The second condition is that we have to allow Jesus to fertilize our soil. Do you understand what that means? Are you ready for this? First of all, it means that we have to be willing for Jesus to surround us with all sorts of poop. It is often in the fires of adversity that God is able to refine us into fruit-bearing followers. If we are anything other than open to God to work through the ugly circumstances surrounding our life, we will never bear fruit.
But the main purpose of fertilizer is to pass on nutrients. If we do not let God feed us through his word, we will never become fruitful for him.
Repentance means turning to Jesus to lay a new foundation of belief by weeding out the old attitudes and allowing his word to shape his worldview in us.

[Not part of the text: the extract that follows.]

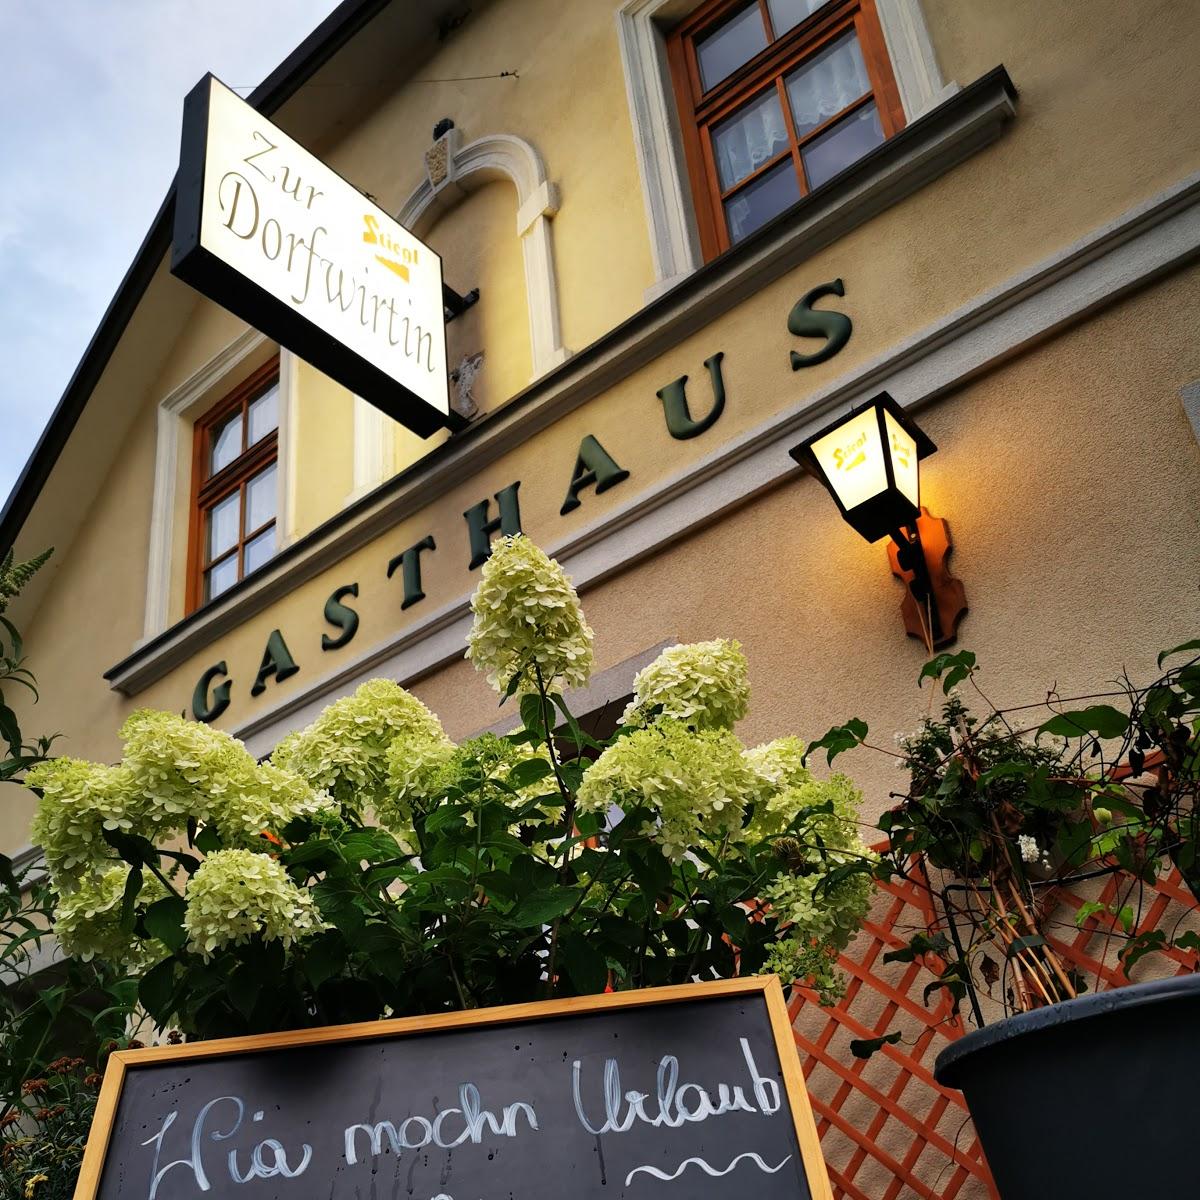 Restaurant "Gasthaus zur Dorfwirtin" in Alland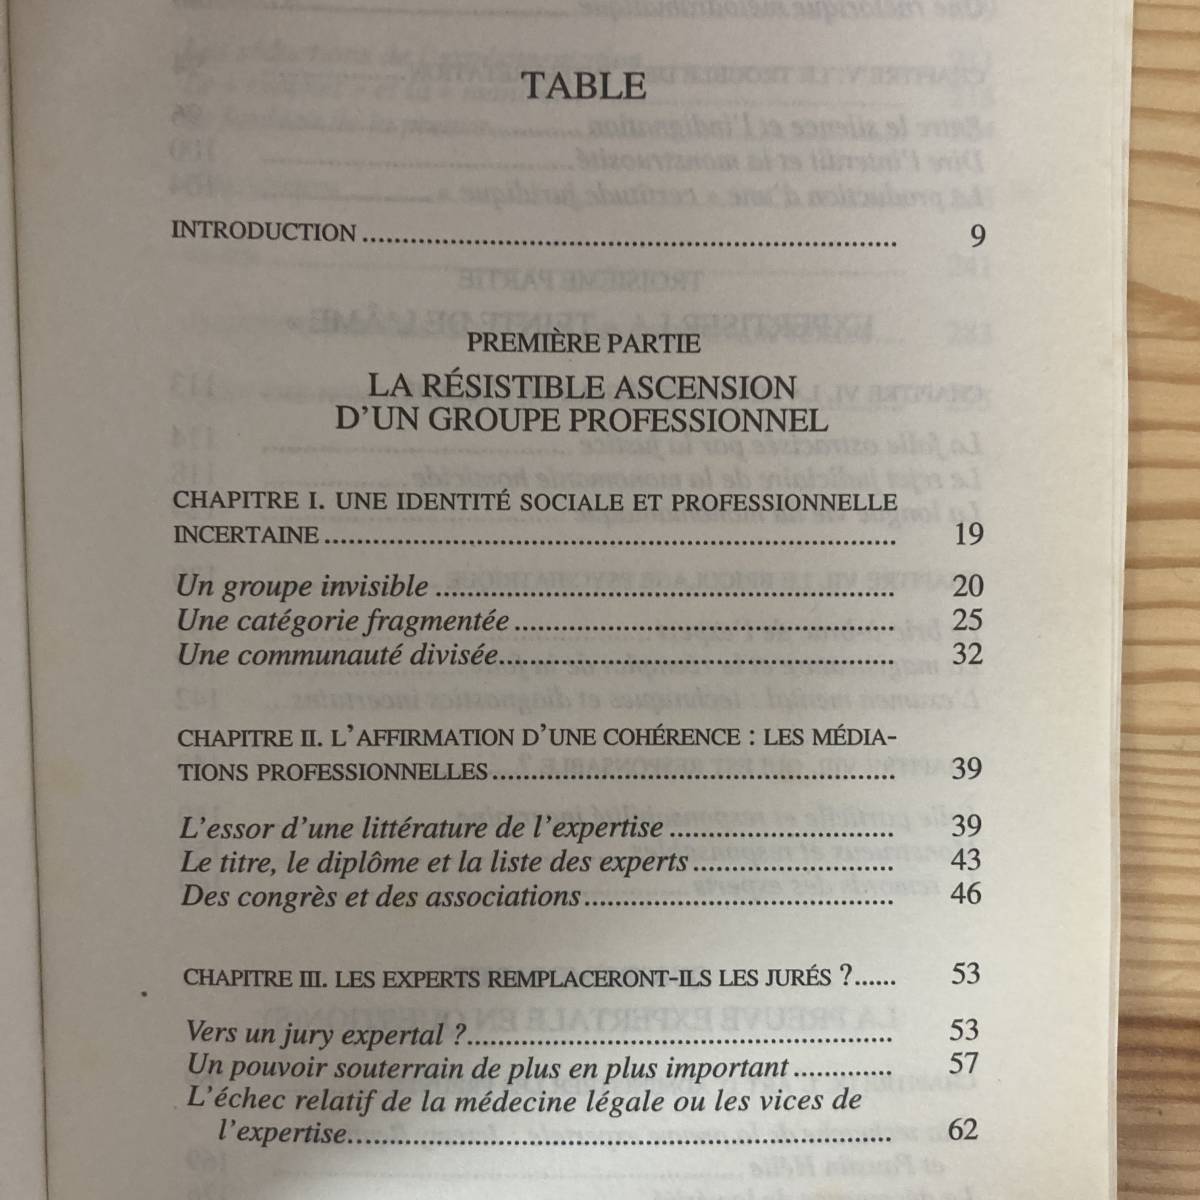 【仏語洋書】Les experts du crime: La medicine legale en France au XIXe siecle / Frederic Chauvaud（著）【フランス法医学】_画像3

It is very tempting for us to say that the United States is acting as God’s agent for bringing punishment on Iraq. It may be true. But when we put our trust in Jesus Christ, we gave up our right to be American citizens before being citizens of God’s kingdom. Viewing the conflict in Iraq as a citizen of the kingdom of heaven gives us a different perspective than if we view it as an American. How can we apply what Jesus taught in these times?
1. Saddam Hussein and Osama Bin Laden are no more sinners than any of us.
2. If this war is God’s judgment, then we too are under God’s wrath. Likewise, if September 11 is part of God’s judgment on America, then so are all men subject to God’s wrath.
3. If God uses us to exact punishment or discipline, it does not justify us. God often used kingdoms like Assyria or Babylon to topple the nation of Israel, and then later brought justice on those nations through Israel.
4. If justice is good for Saddam Hussein and Osama Bin Laden (and don’t we all want to see justice done?), then it is good for us too.
5. Our only hope is repentance.
6. God’s response to repentance is grace.
Can you believe after all we’ve seen—after coming to the unfortunate conclusion that you and I are no better than Saddam Hussein—Jesus still pleads with the Father for another chance? Another chance to become one of his followers. Another chance to show ourselves faithful. Another chance to be reconciled to the One who created us and planted us in this world with a purpose. Another chance to do and be everything God created us to do and be.
Jesus has pleaded for another year. Jesus wants permission to dig up your roots and fertilize the soil of your heart. Are you willing? Unless you repent, you too will perish. If you repent, you too will live!